- **MATERIAL SUPPLIED**
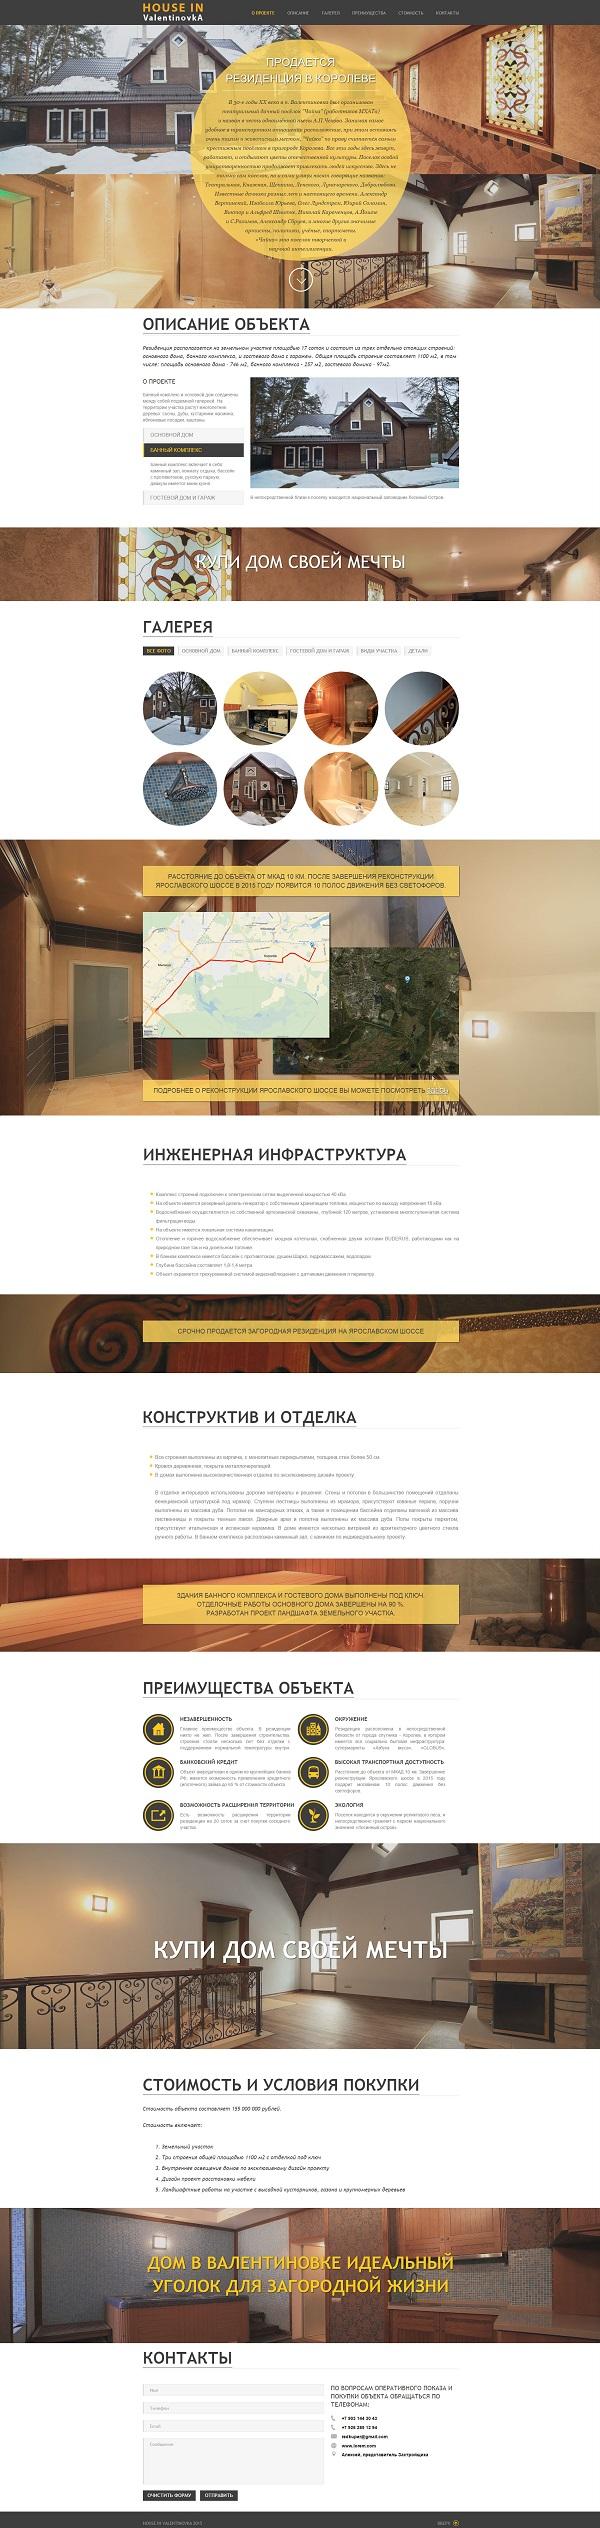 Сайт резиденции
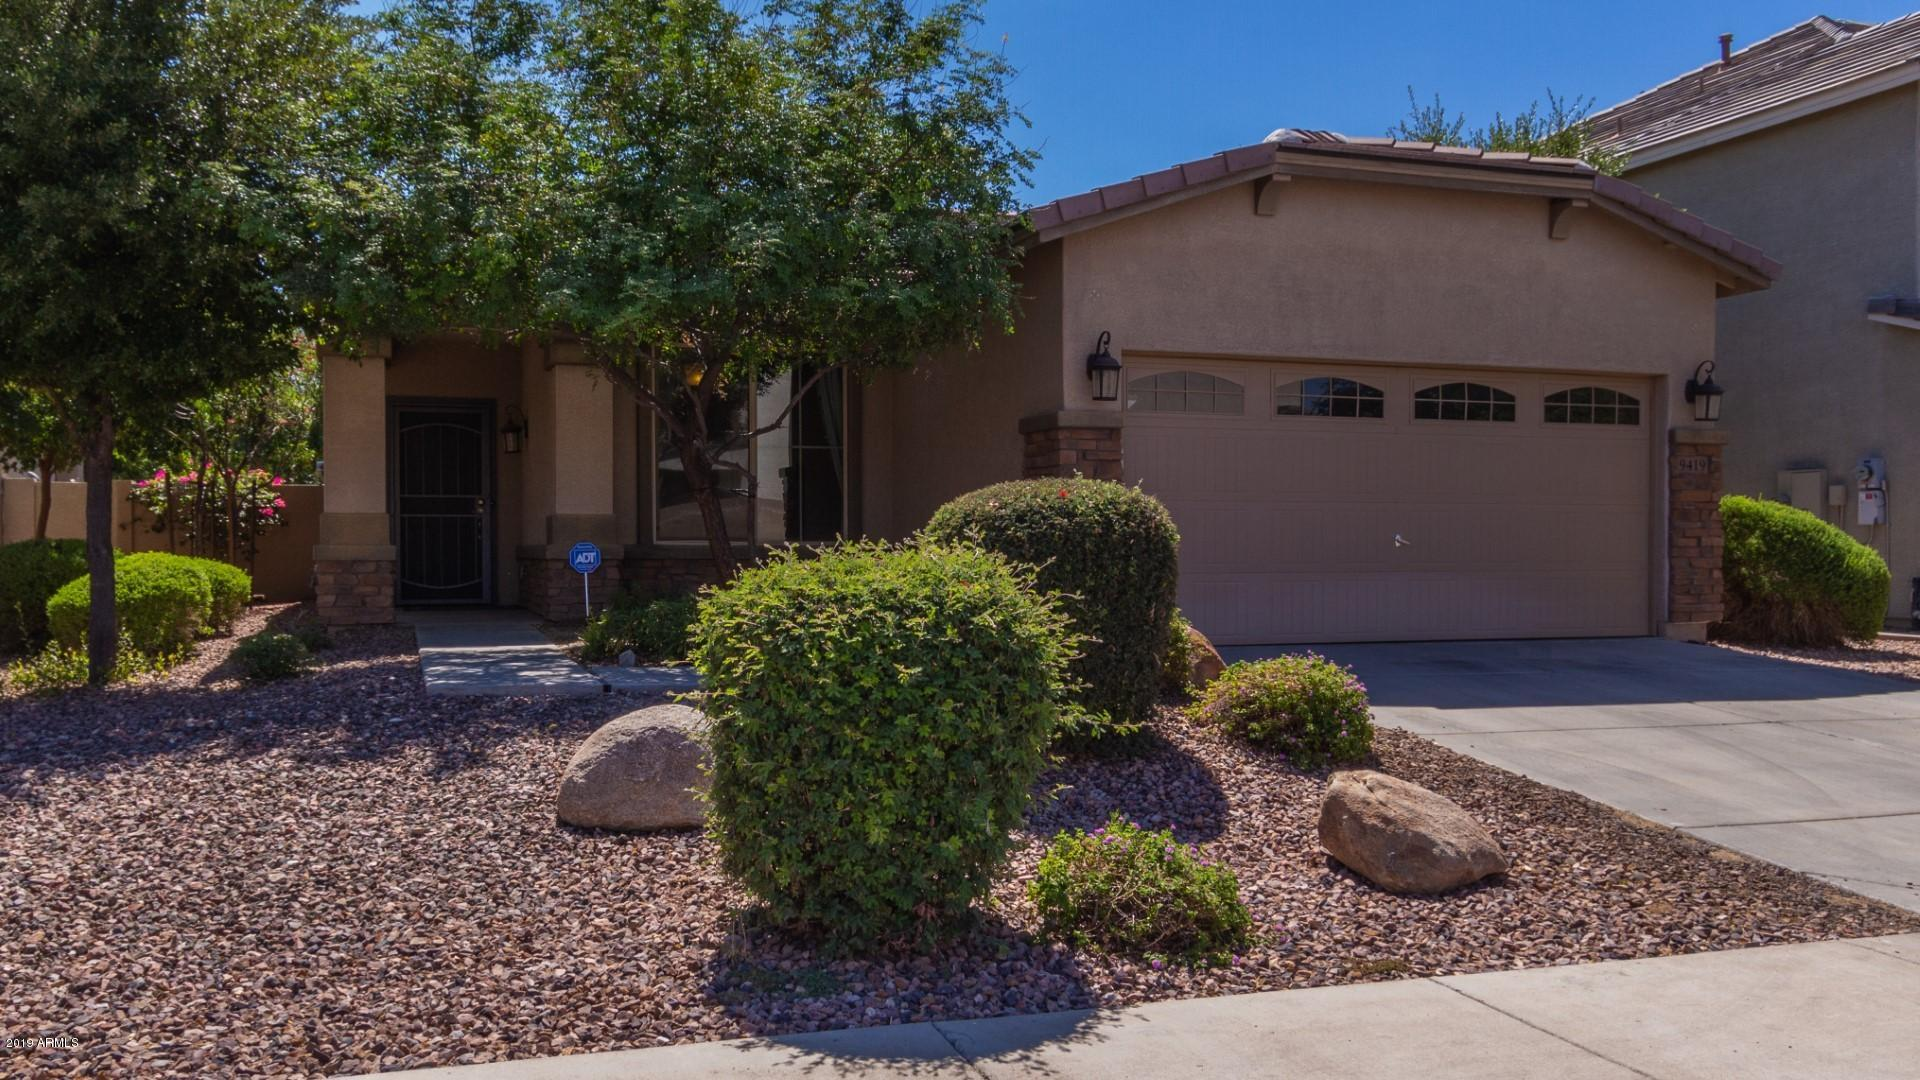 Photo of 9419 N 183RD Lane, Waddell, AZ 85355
==
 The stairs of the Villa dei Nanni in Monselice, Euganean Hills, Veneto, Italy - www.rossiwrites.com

- **THE TASK**
Look above for the line holding "Сайт резиденции" and output everything from it down to the line holding "Photo of 9419", both ends included, exactly and without images.

- **ANSWER TO THIS EXERCISE**
 Сайт резиденции
 Photo of 9419 N 183RD Lane, Waddell, AZ 85355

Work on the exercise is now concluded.